Take a close look: “The Black Dahlia ™.” Does that mean the publisher is trying to trademark “The Black Dahlia?” Good luck with that.
I picked up a copy of the new graphic novel version of James Ellroy’s “The Black Dahlia,” and although I didn’t expect to like it, I ended up disliking it for entirely different reasons. Several pages had been posted online and it at least looked visually interesting, so I forced myself to read it. And this turned out to be quite a chore.
The book is credited to Ellroy, adapted by David Fincher – who was rumored for years to be directing a Black Dahlia movie — and Matz, and illustrated by Miles Hyman, with lettering by Deron Bennett. It is published by Archaia and lists for $29.99.
Presumably, most people are familiar with the outlines of Ellroy’s 1987 novel so I don’t need to repeat them here. But compressing and compacting the plot to the spare dimensions of a graphic novel exposes many weaknesses that aren’t apparent in the original book. (I will leave it to someone else to perform a side-by-side analysis of the book and the graphic novel).
Manslaughter did not carry the death penalty. This is ridiculous.
(Note: You can expect lots of non-PC language).
A key plot point is Proposition B, which would be a city bond measure put before city voters to raise money for the LAPD. Which is all well and good except the plot has it being supported by Ellis Loew, who is the Los Angeles COUNTY district attorney and has no sway over the city budget. City and county government are conflated all the way through the book and I won’t get into it here except to say that the district attorney did not have the authority over the LAPD as presented here.
As for accuracy, we have the medical examiner smoking a cigar while displaying a murder victim. Lovely.
And apparently – at least in the world of this graphic novel – bodies retain their skin tone after death even when they have been drained of blood. Even after several days – and no, I won’t be posting those frames. And it’s bizarre that mutilations in one scene have healed themselves pages later.
One reason I was curious about the book was because I wondered whether there would be any clown paintings, like the ones in the ghastly Brian De Palma movie:
Alas, no clown paintings this time.
But even without the clown paintings, some of the artwork by Miles Hyman is stiff and clunky:
And then we have the cartoonish hands on Kay Lake. I mean really?
And the characters tend to look the same:
Seriously. Can you tell whether this woman is Kay Lake or Madeline Sprague?

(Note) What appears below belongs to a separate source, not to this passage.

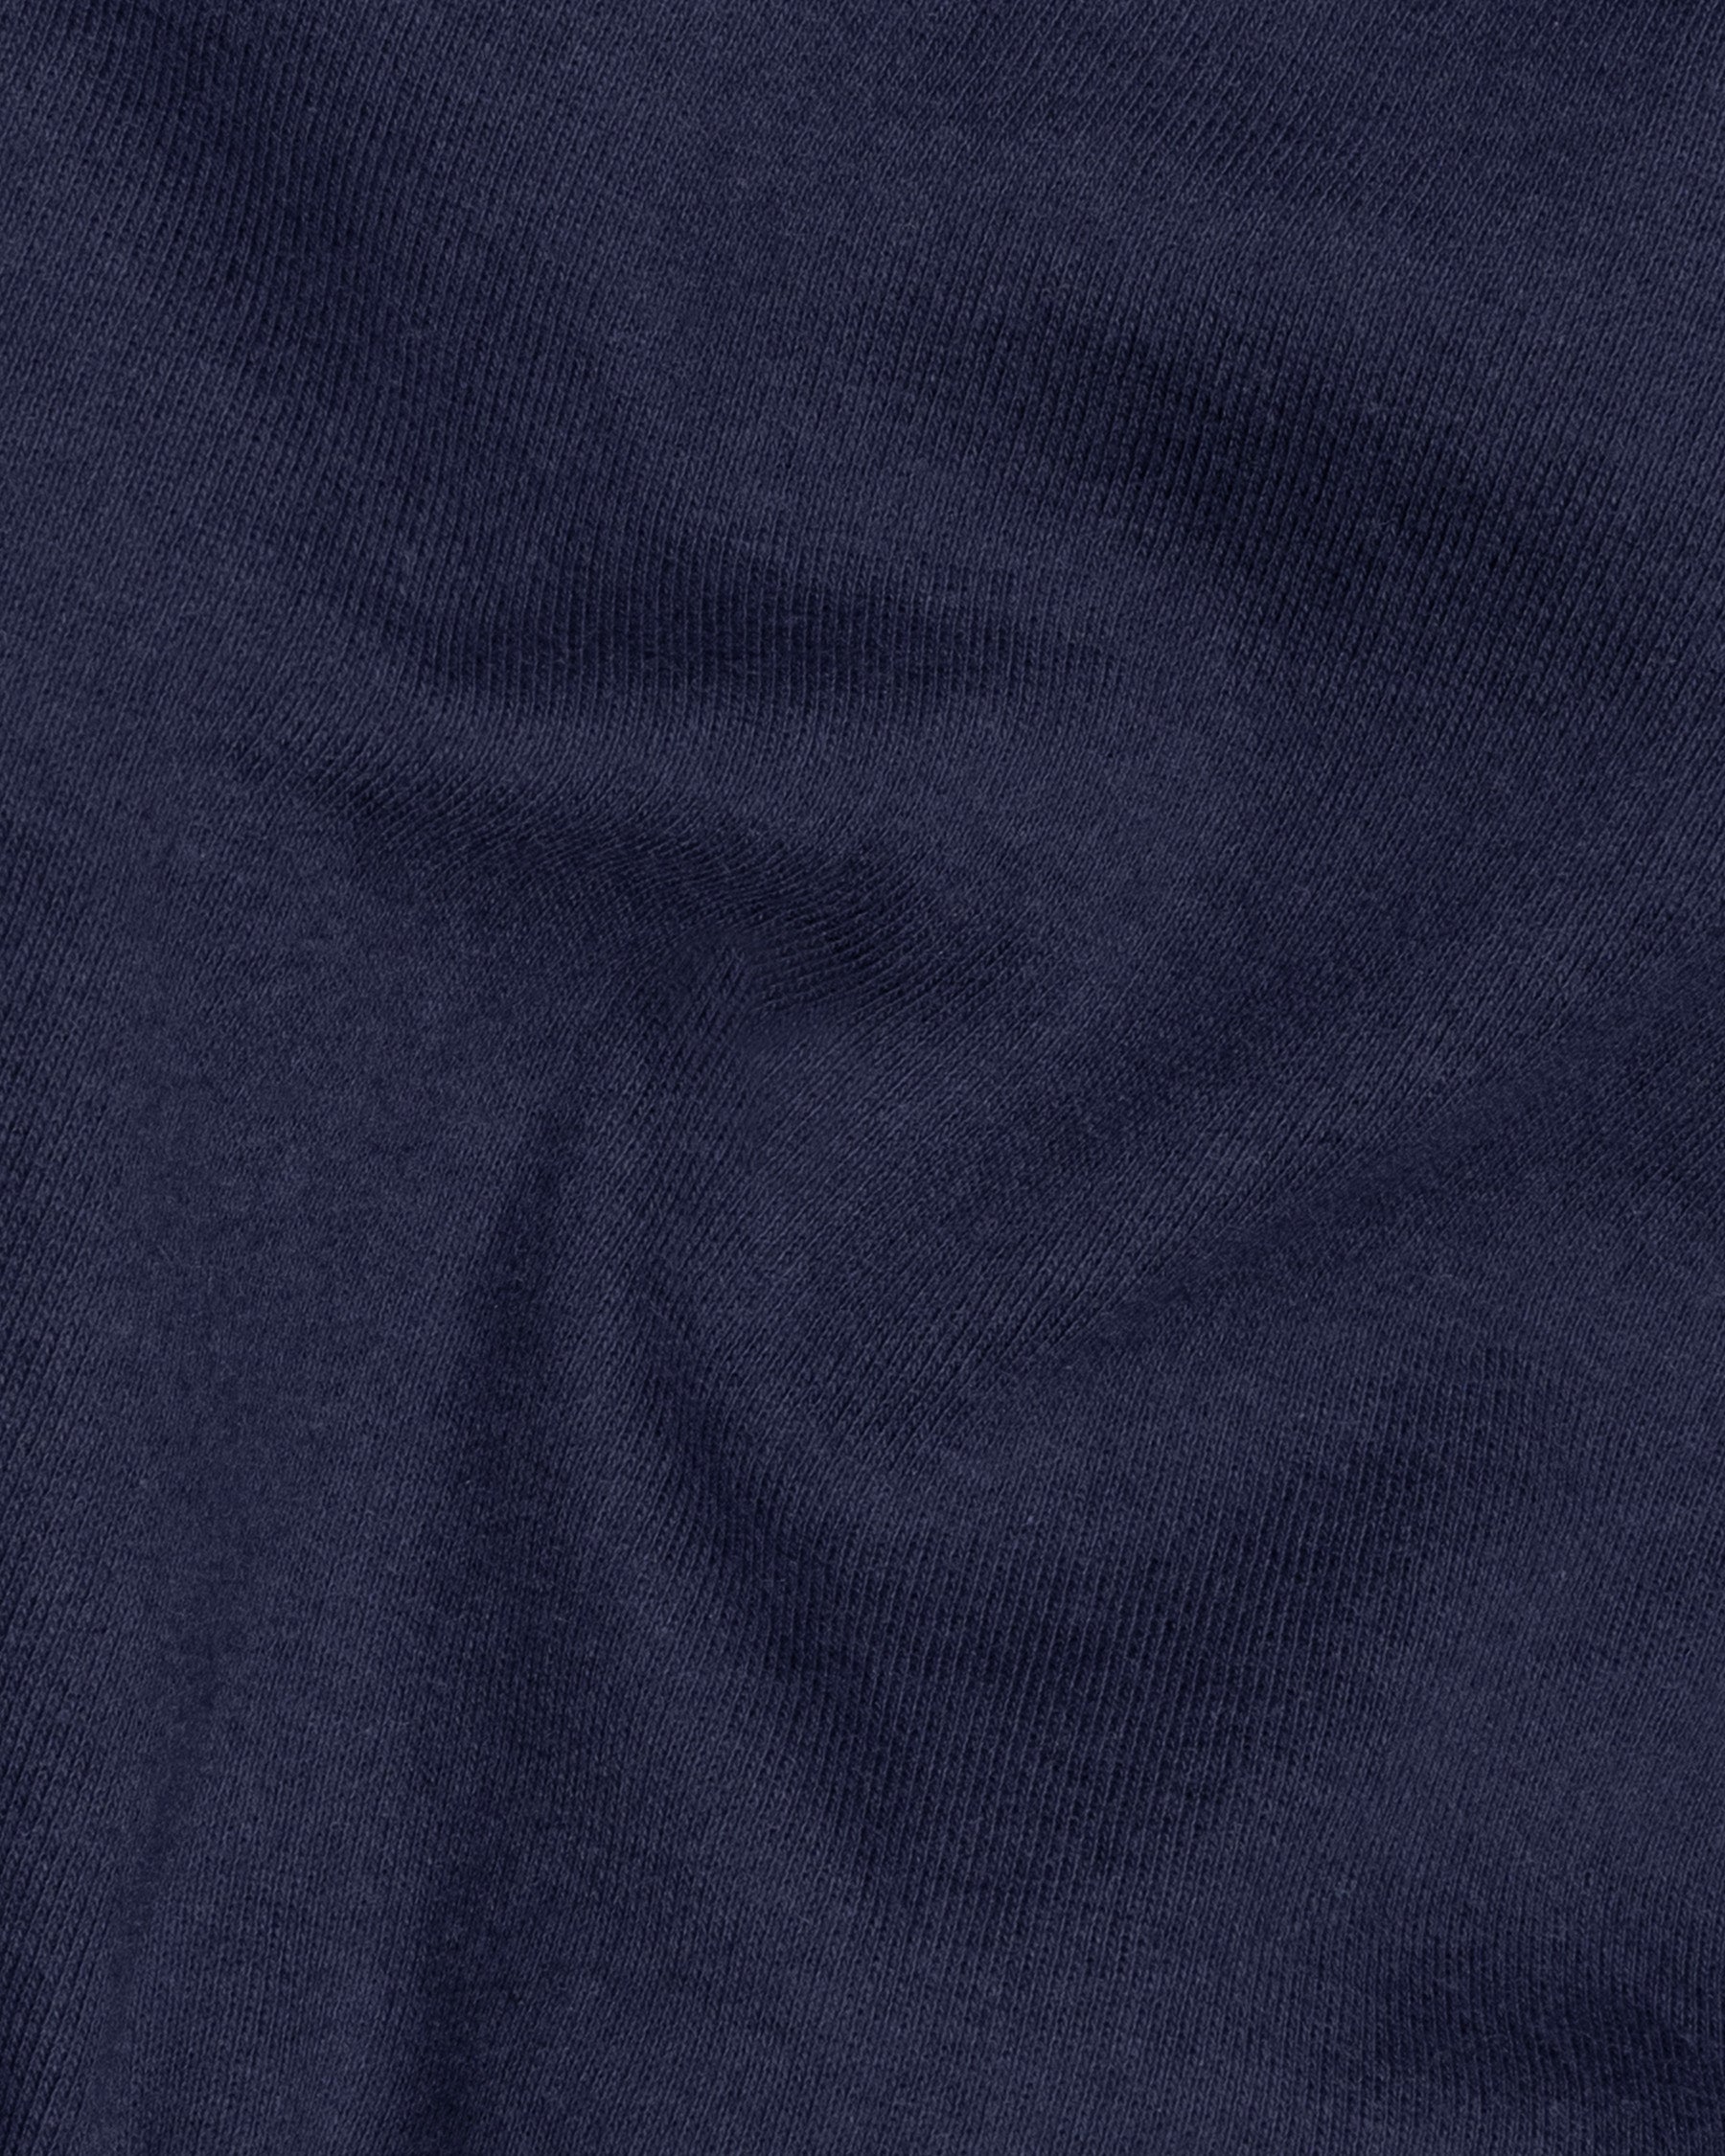 Ebony Clay Blue Full Sleeve Super Soft Premium Cotton Sweatshirt TS463-S, TS463-M, TS463-L, TS463-XL, TS463-XXL

And are they both the offspring of the noseless Lord Voldemort?
I could go on and on, but I think you get the idea. One final complaint:
Perhaps you’re thinking that I don’t like an airliner buzzing City Hall. And while that is a problem, those who know Los Angeles history will have a larger grievance:
What’s wrong with the Hall of Records and the Hall of Justice?
Here’s how downtown actually looked, courtesy of the DWP photo collection.
The photo has been flopped. Just like the whole book.